WHAT THE TASK ASKS ▸
Without the images, repeat every line of the listing verbatim.
[SOURCE DATA — start]
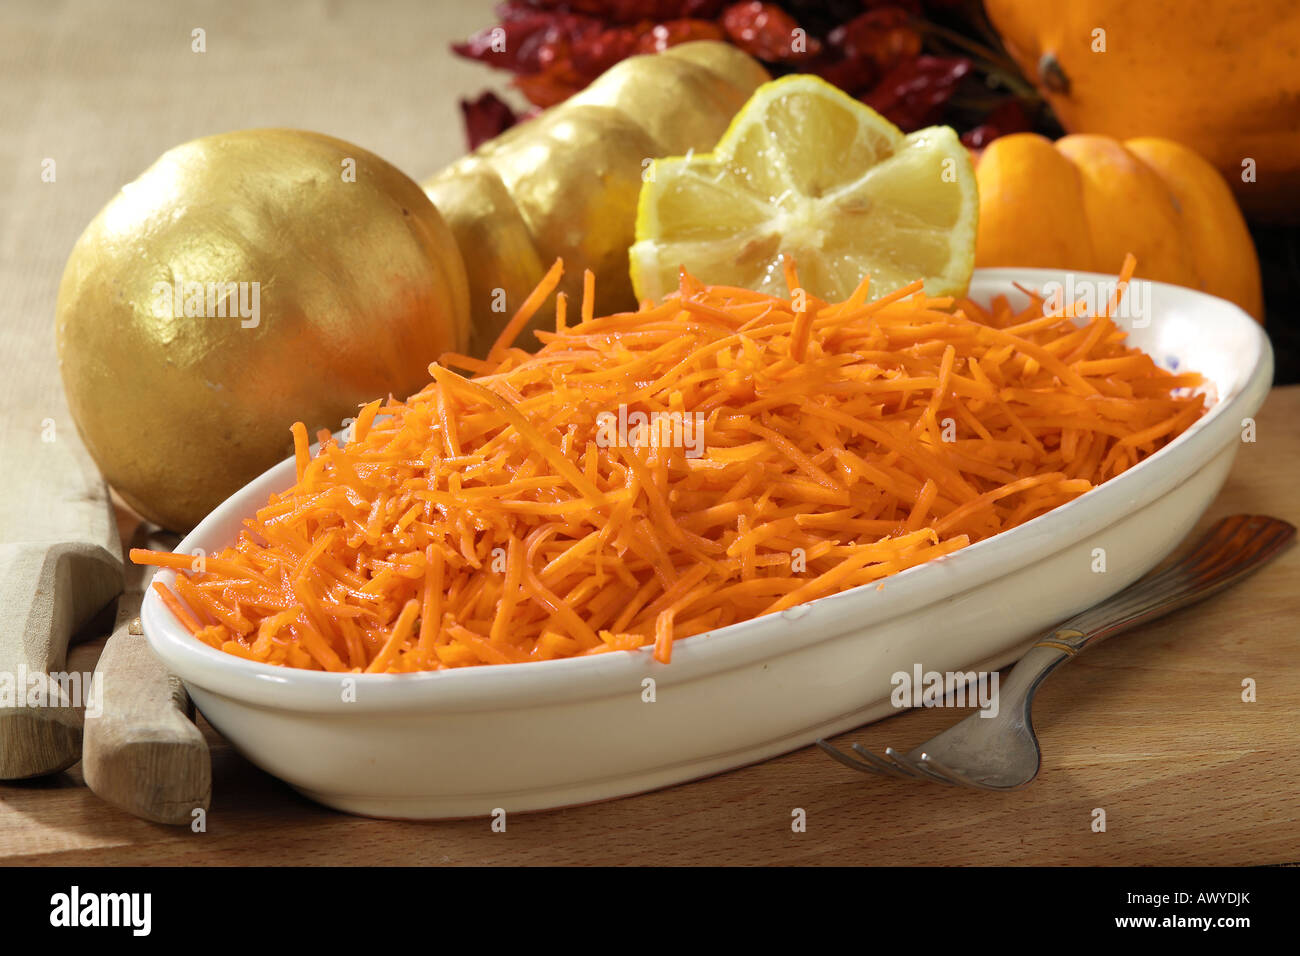 julienne carrots salade Stock Photo
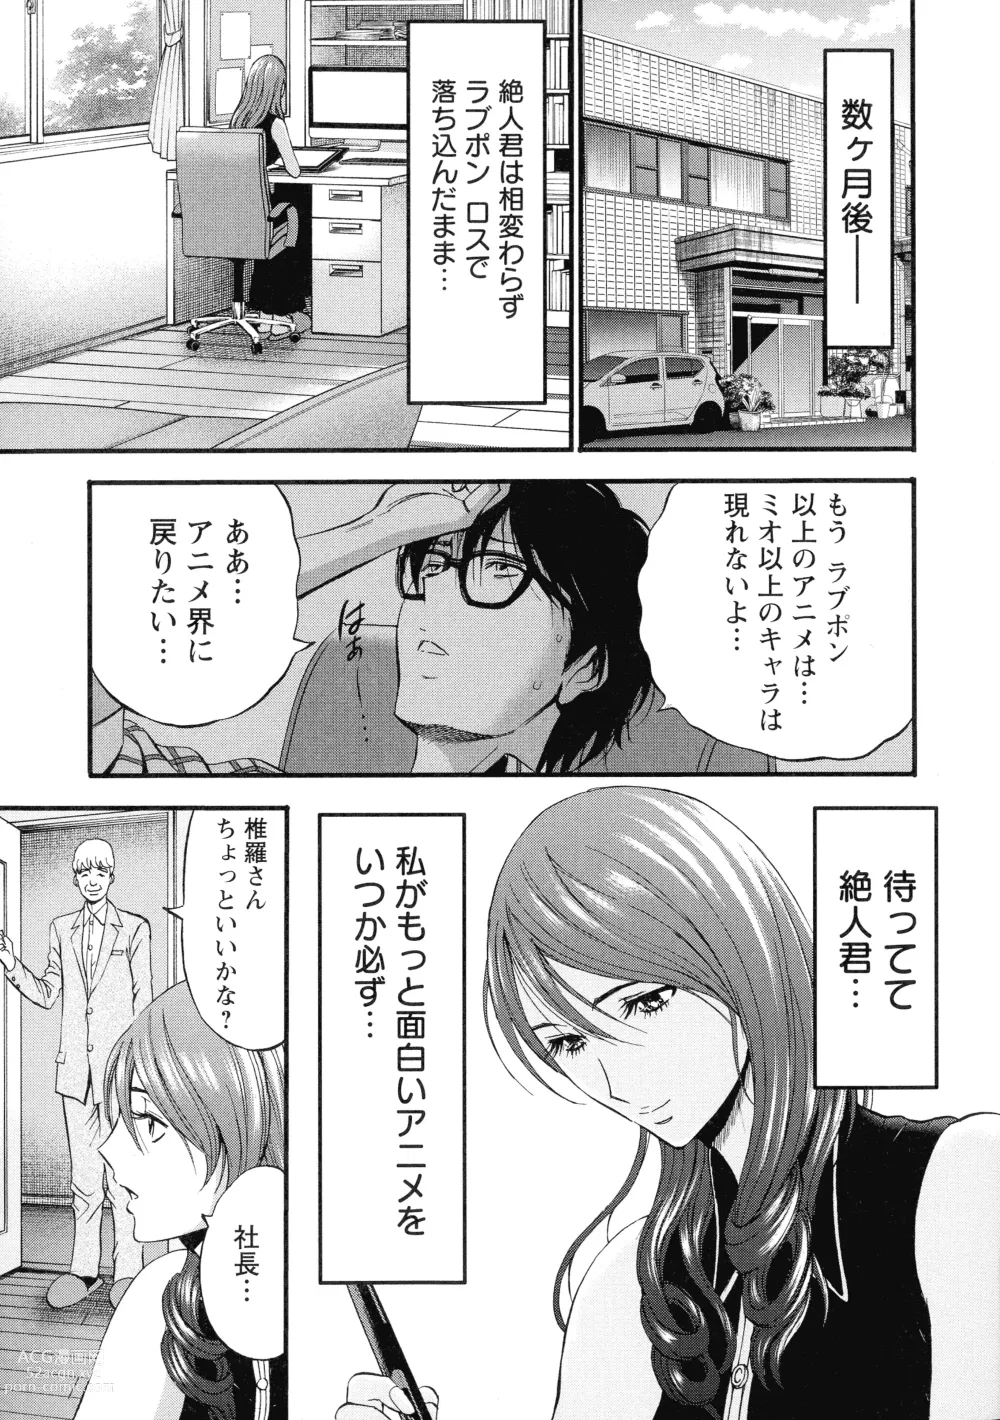 Page 180 of manga Watashi o Ikasete Haramasete... ~Anime Diver Z~ 2
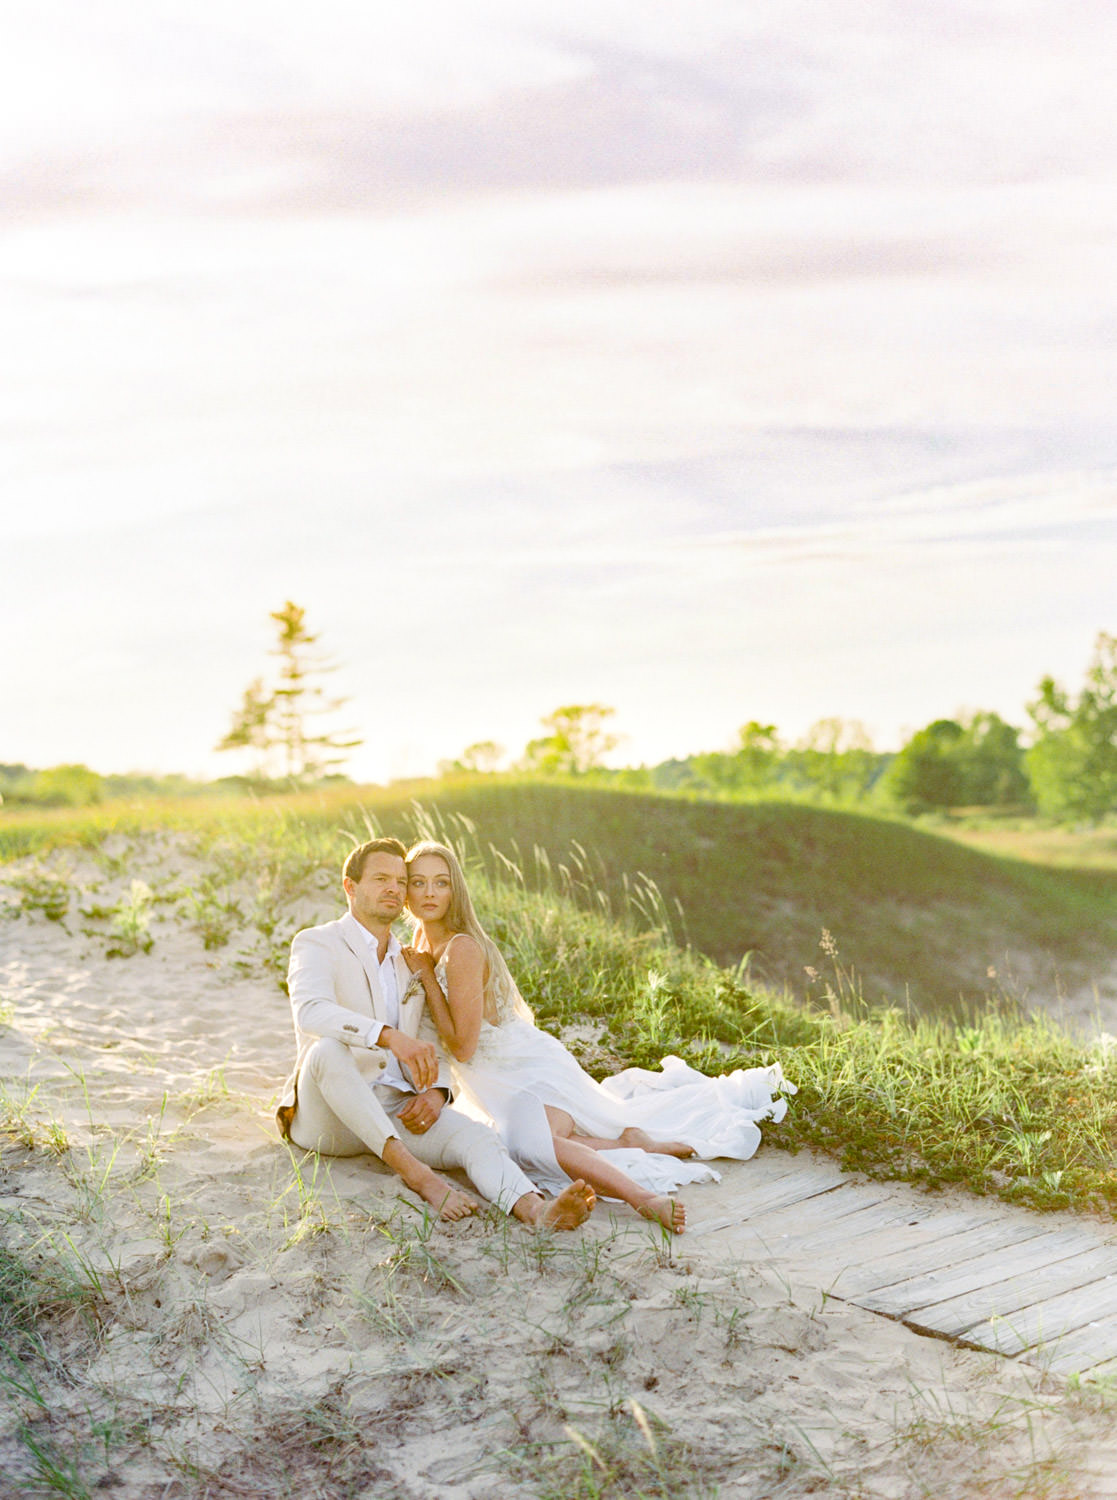 Kohler-Andrae State Park engagement and wedding photos
[SOURCE DATA — finish]
RESPONSE TO THE TASK ▸
 julienne carrots salade Stock Photo
 Page 180 of manga Watashi o Ikasete Haramasete... ~Anime Diver Z~ 2
 Kohler-Andrae State Park engagement and wedding photos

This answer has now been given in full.